Oracle Linux Server release 7.9
CentOS Linux release 7.9.2009


Issue Links:
Relates
relates to MDEV-14180 Automatically disable key rotation ch... Closed

 Description   

Either when creating a new database to have data-at-rest enabled, or adding new tables to database with other data-at-rest tables, or database startup with data-at-rest employed - there are times when all of the data-at-rest background tasks are consuming 80-90% of multiple relatively fast CPU's anywhere from 20 minutes to 6 hours on systems with 32GB RAM.

There doesn't appear to be any consistent and determinable cause for the overly long utlizations.



 Comments   
Comment by Marko Mäkelä [ 2022-09-28 ]

DBrunner, can you please provide a some more details? Which storage engine and which encryption plugin are you using, and with which configuration parameters?

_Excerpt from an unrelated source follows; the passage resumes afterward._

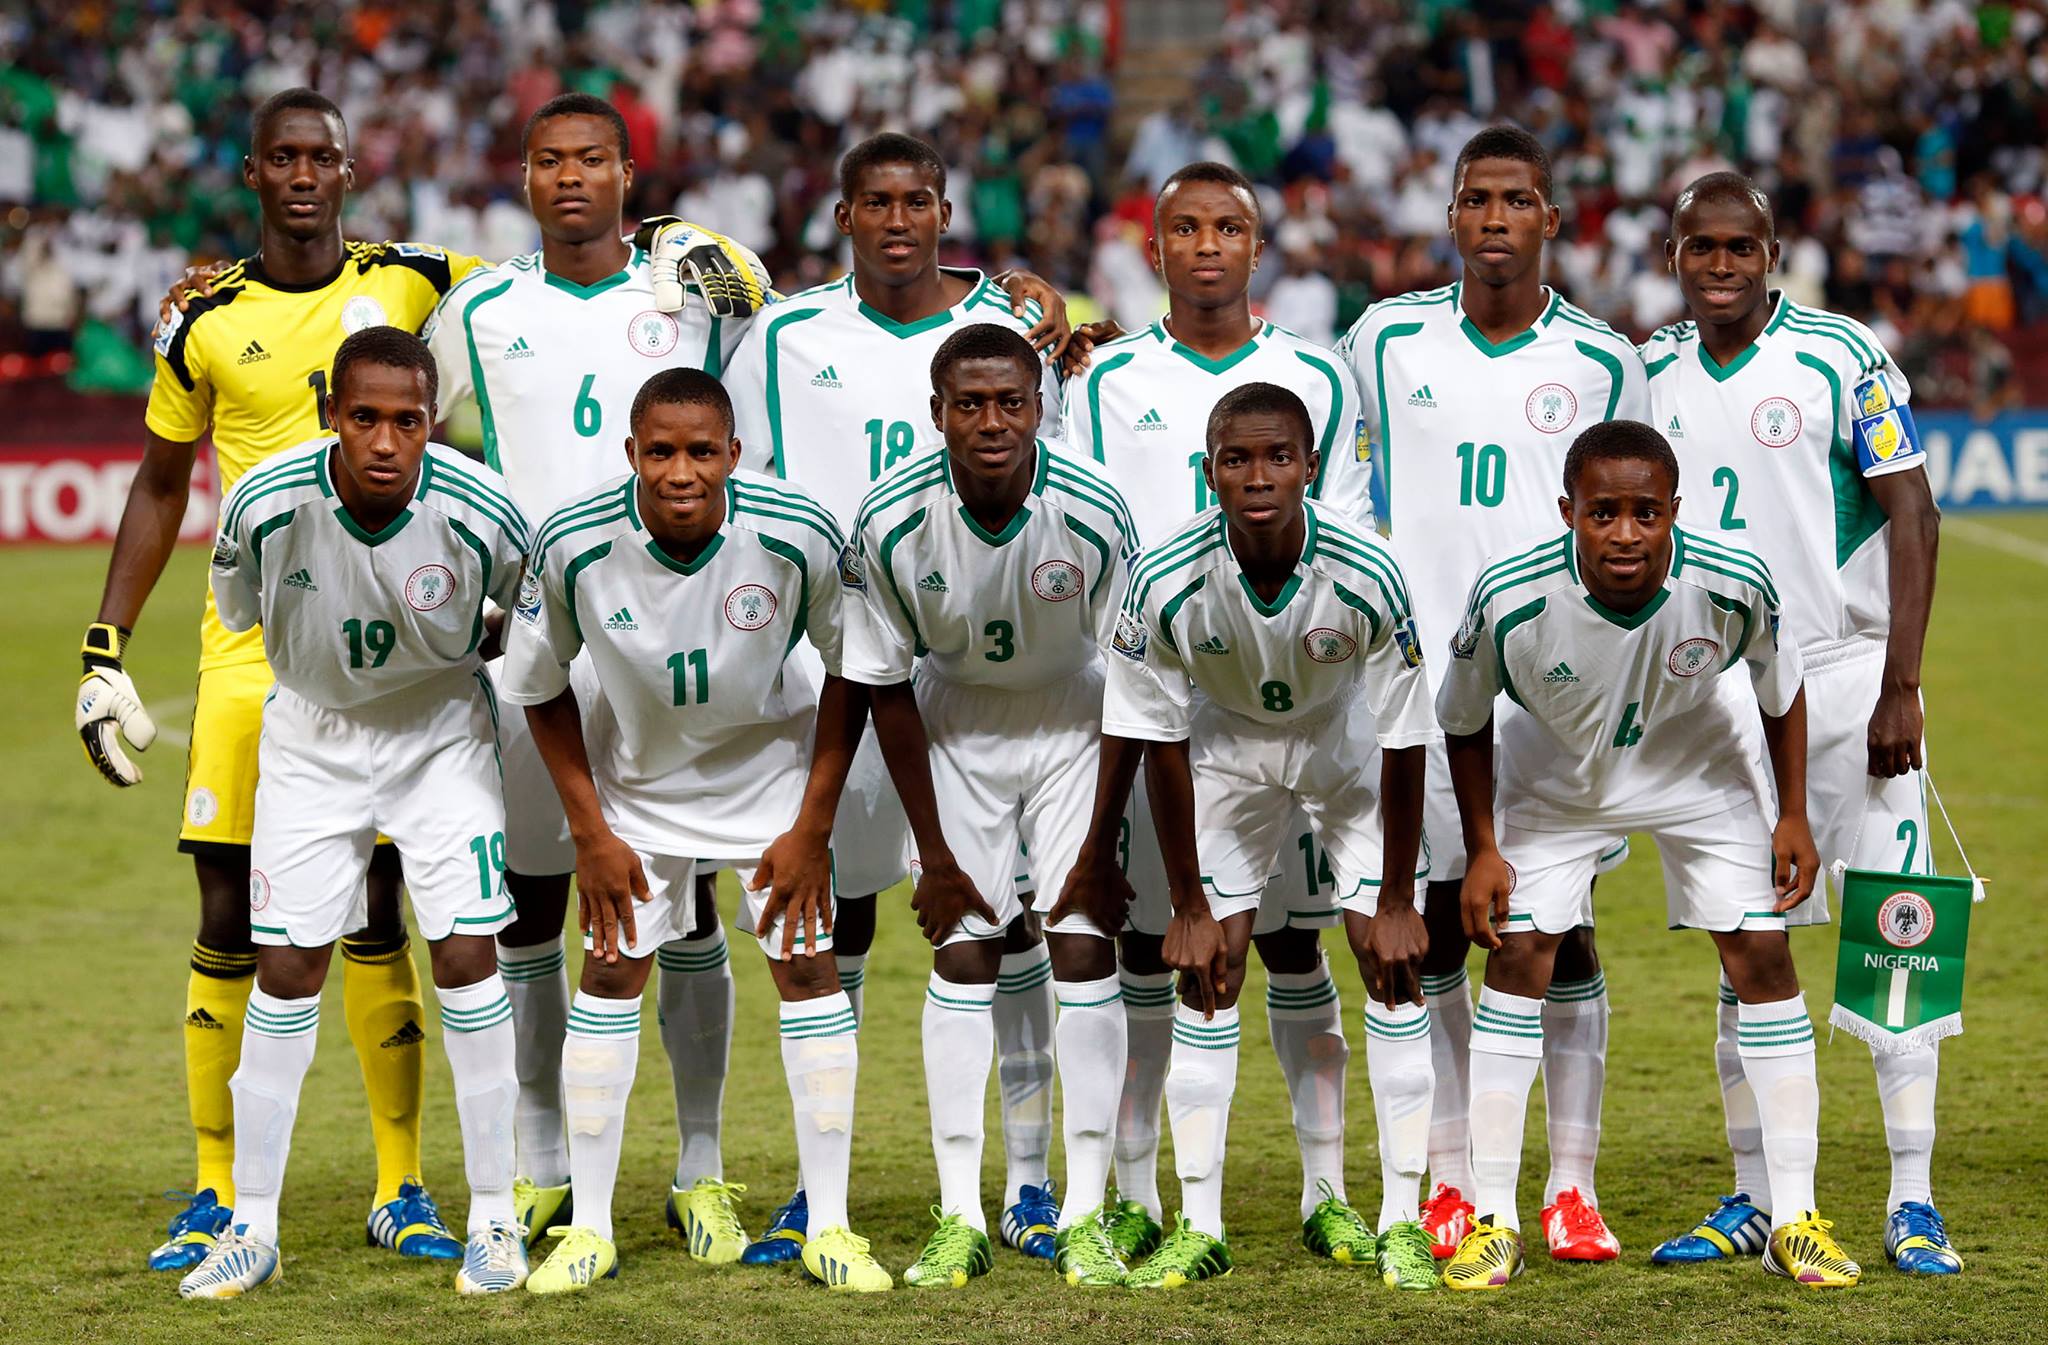 Hope and despair: The repeated cycle of Nigerian football youth

If this is about innodb_encrypt_tables=ON, the so-called "encryption threads" are actually only marking pages dirty, so that when the pages will eventually be written back from the buffer pool to the data file, they will be re-encrypted.

There have been several improvements to this area in MariaDB Server 10.5 and 10.6. The innodb_log_scrub code was removed in MDEV-21870; I do not think it ever worked correctly. Similarly, most of the page scrubbing code was removed in MDEV-8139, and that scrubbing will take place as part of normal page write activity.

Something was fixed also in older versions a while back; see MDEV-14180.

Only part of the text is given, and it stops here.